Wrongly classification based on predefined context

Hi All,

I need to delevop an API that classifies a text based on some previous defined context without using a personalized model.

I used this prompt

Task:
Extract the classification from the given text based in the contextual Classification table

Context:

|------------------------------------------------|
|               Classification                   |
|------------------------------------------------|
| Level 1        | Level 2                       |
|----------------|-------------------------------|
| Administrative | Reading of bills information  |
| Administrative | Bill installment              |
| Administrative | Refund methods                |
| Administrative | Payment methods               |
| Administrative | Self-reading                  |
| Commercial     | Offer variation               |
| Commercial     | Service termination           |
| Commercial     | Change of user/Transfer       |
| Commercial     | Service activation            |
| Complaint      | Fault/Issue reporting         |
| Complaint      | Invoicing/Billing             |
|----------------|-------------------------------|


End of Context


Instructions:

1. Extract the classification from the given text based in the contextual Classification table separated by pipe
2. If it's not possible to find any classification, evaluate the answer as 'ND'

End of Instructions

But, expecially with long text, it takes a “mixed” classification, like “Complaint - Service termination”.

I tried also to add some exaples, adding

Examples:

###

Text:Good morning, your customer service is a disgrace.

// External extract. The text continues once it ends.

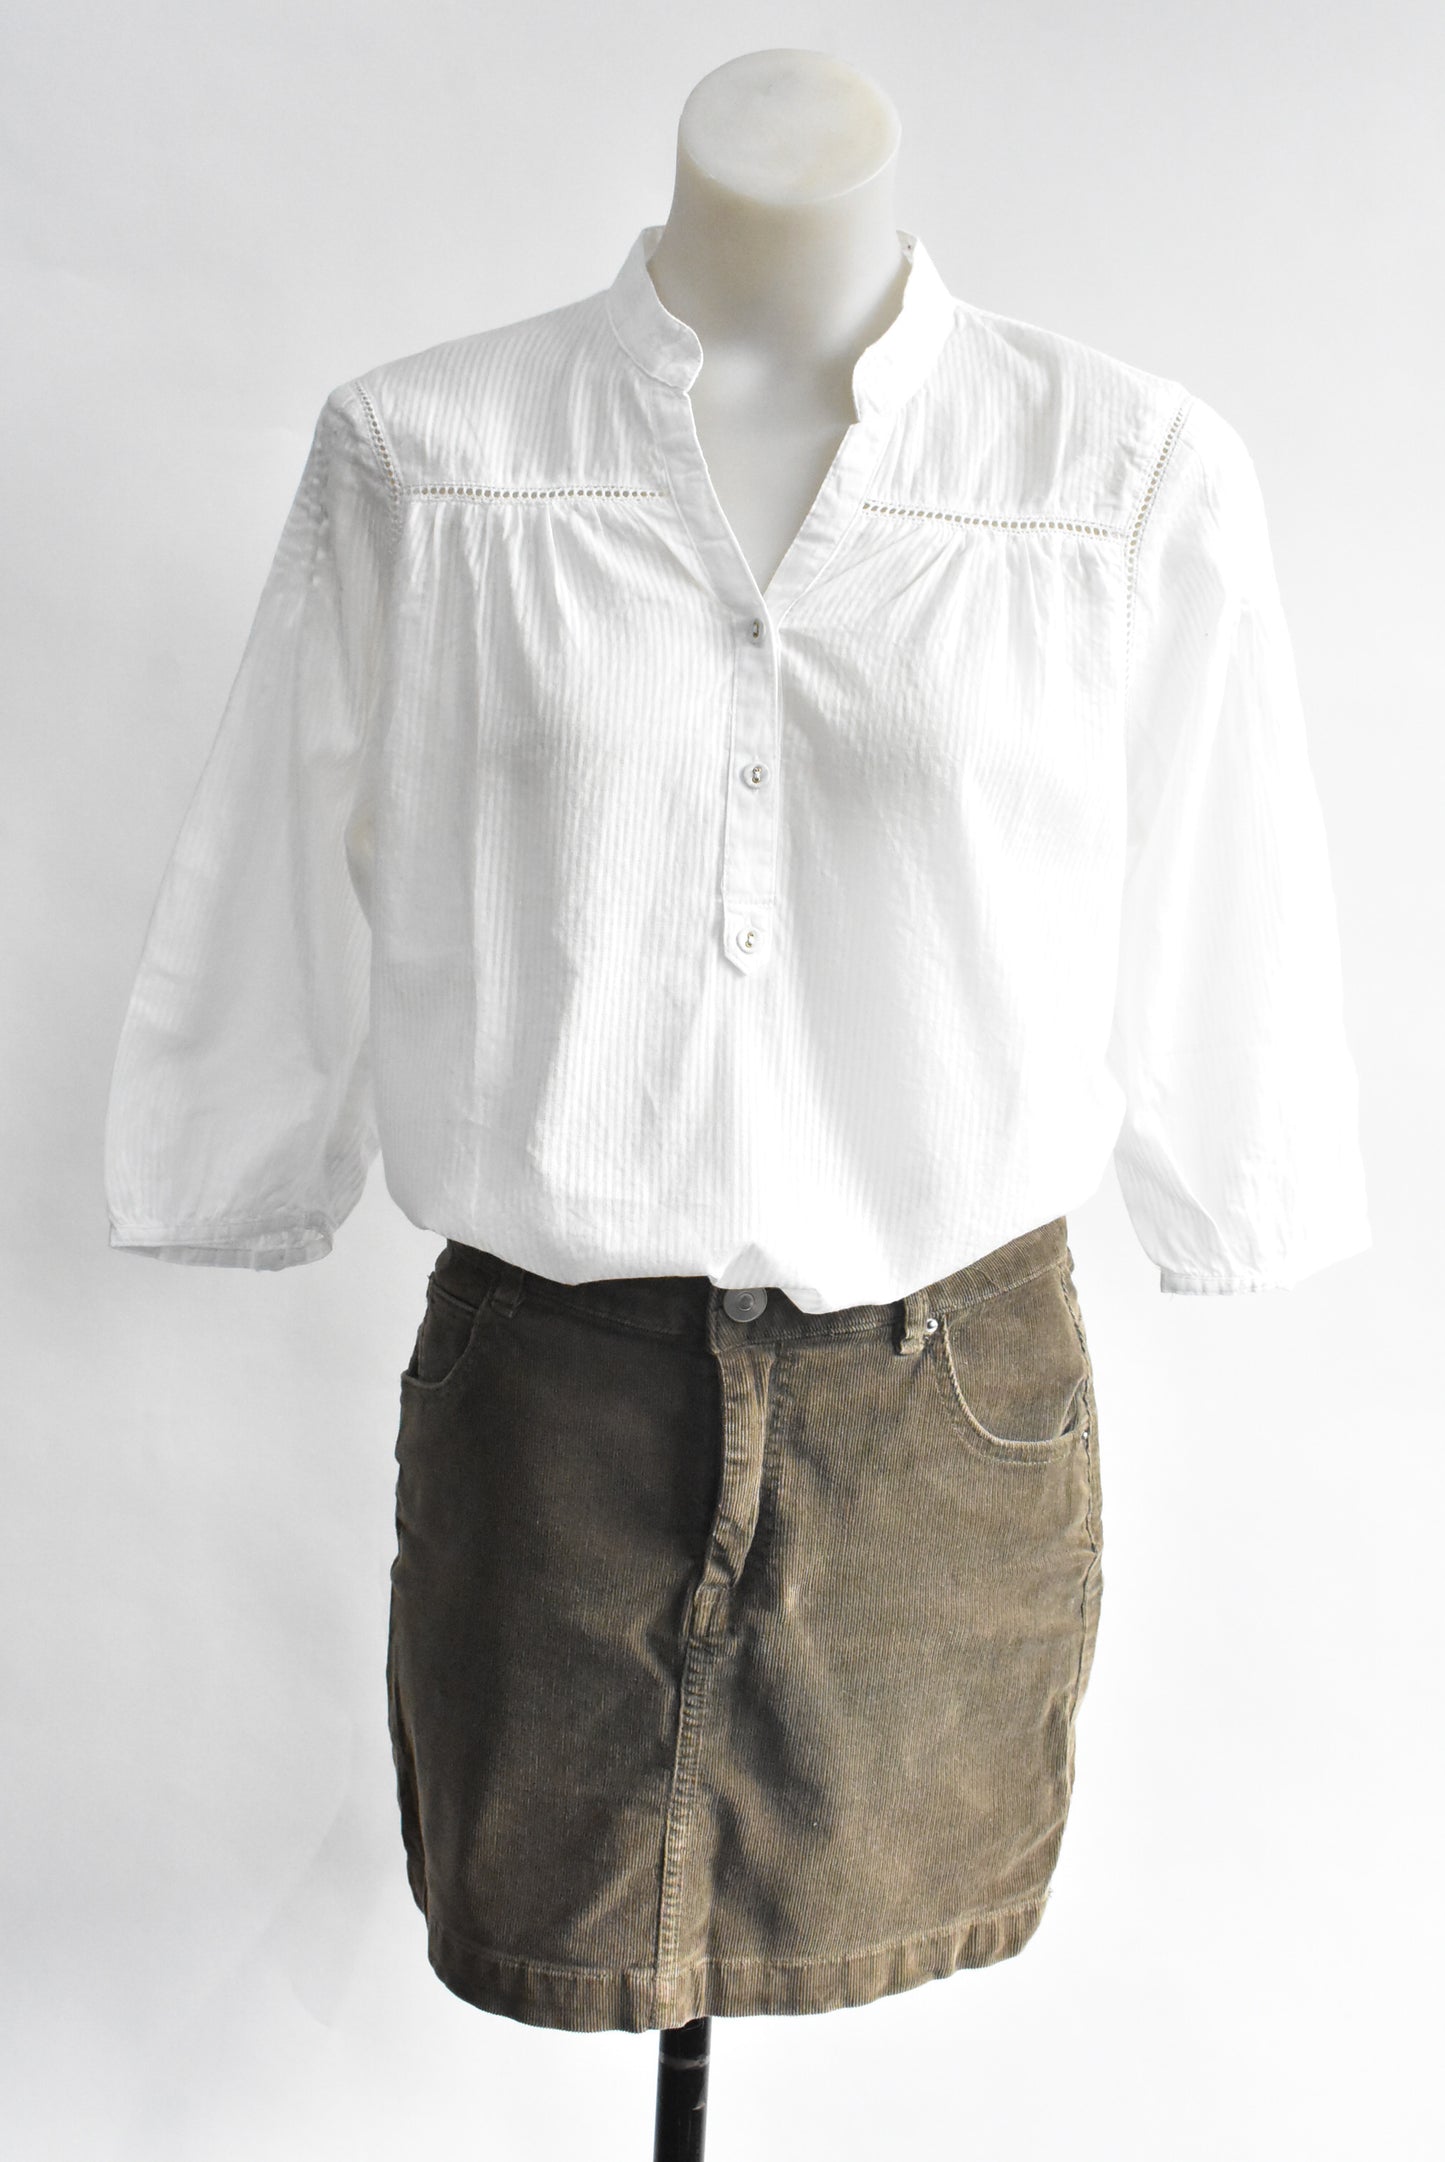 Classique white blouse, 14

I've been calling for three days asking for a ticket duplicate, and so far, nothing. Unbelievable.
Answer:Complaint | Invoicing/Billing 

###

Text:Hi, is it possible to know where I can find in the last bill how many electricity I've used?
Answer:Administrative|Reading of bills information

End of Examples

And lowering the temperature setting it to 0.1 but nothing (TopP is 1, and the others 0)

Is there anything that I’m doing wrongly?

Thanks

Being a generative AI, classification is usually not an LLM’s forte, but you could use ada-002, to generate embedding for your classes and use cosine similarity to match for the correct class.

Based on your scoring system and threshold value, you would get a single answer back and even complex queries/ statements should be handled fairly well

GPT-3 was actually far better at classification than generation and was able to do it with far less resources.

The following works for me with text-davinci-003:

Extract the classification from the given text based in the contextual Classification table

Classifications:

Administrative|Reading of bills information
Administrative|Bill installment
Administrative|Refund methods
Administrative|Payment methods
Administrative|Self-reading
Commercial|Offer variation
Commercial|Service termination
Commercial|Change of user/Transfer
Commercial|Service activation
Complaint|Fault/Issue reporting
Complaint|Invoicing/Billing

###

1. Extract the classification from the given text based in the contextual Classification table separated by pipe
2. If it's not possible to find any classification, evaluate the answer as 'ND'

###

Examples:

###

Text:Good morning, your customer service is a disgrace. I've been calling for three days asking for a ticket duplicate, and so far, nothing. Unbelievable.
Answer:Complaint | Invoicing/Billing 

###

Text:Hi, is it possible to know where I can find in the last bill how many electricity I've used?
Answer:Administrative|Reading of bills information

###

Text: (Insert your text here)
Answer:

I don’t know if this is the case, but I find that it has trouble with reading some table formatting and ASCII type of things. Simplifying the prompt helped. My rule of thumb is to communicate to it like you would with a child. Use less words where possible.

One technique I thought was really interesting for classification was to use Logit bias:

https://help.openai.com/en/articles/5247780-using-logit-bias-to-define-token-probability

What I’d propose is provide it that prompt, but number your categories and ask it to provide the number of the category, and then make the call with logit_bias for the list of numbers you want it to draw from. That way you’re effectively forcing it to answer with the nearest token from your categories. Bonus: only one token used per classification.

1 Like

I think the format of the context provided might also be an issue for the model. It may not be entirely clear to the model what the relationships are between Level 1 and Level 2. Perhaps if you formatted it as a nested list instead?

Context:

* Administrative
  * Reading of bills information 
  * Bill installment 
  * Refund methods
  * Payment methods
  * Self-reading
* Commercial
  * Offer variation
  * Service termination
  * Change of user/Transfer
  * Service activation
* Complaint
  * Fault/Issue reporting 
  * Invoicing/Billing

along with your examples,

Example 1:
###
In: Good morning, your customer service is a disgrace. I've been calling for three days asking for a ticket duplicate, and so far, nothing. Unbelievable.
###
Out: Complaint - Invoicing/Billing 
###

Example 2:
###
In: Hi, is it possible to know where I can find in the last bill how many electricity I've used?
###
Out: Administrative - Reading of bills information
###

I suspect you’ll have slightly better luck with that—though perhaps not, regardless I think it is worth a try.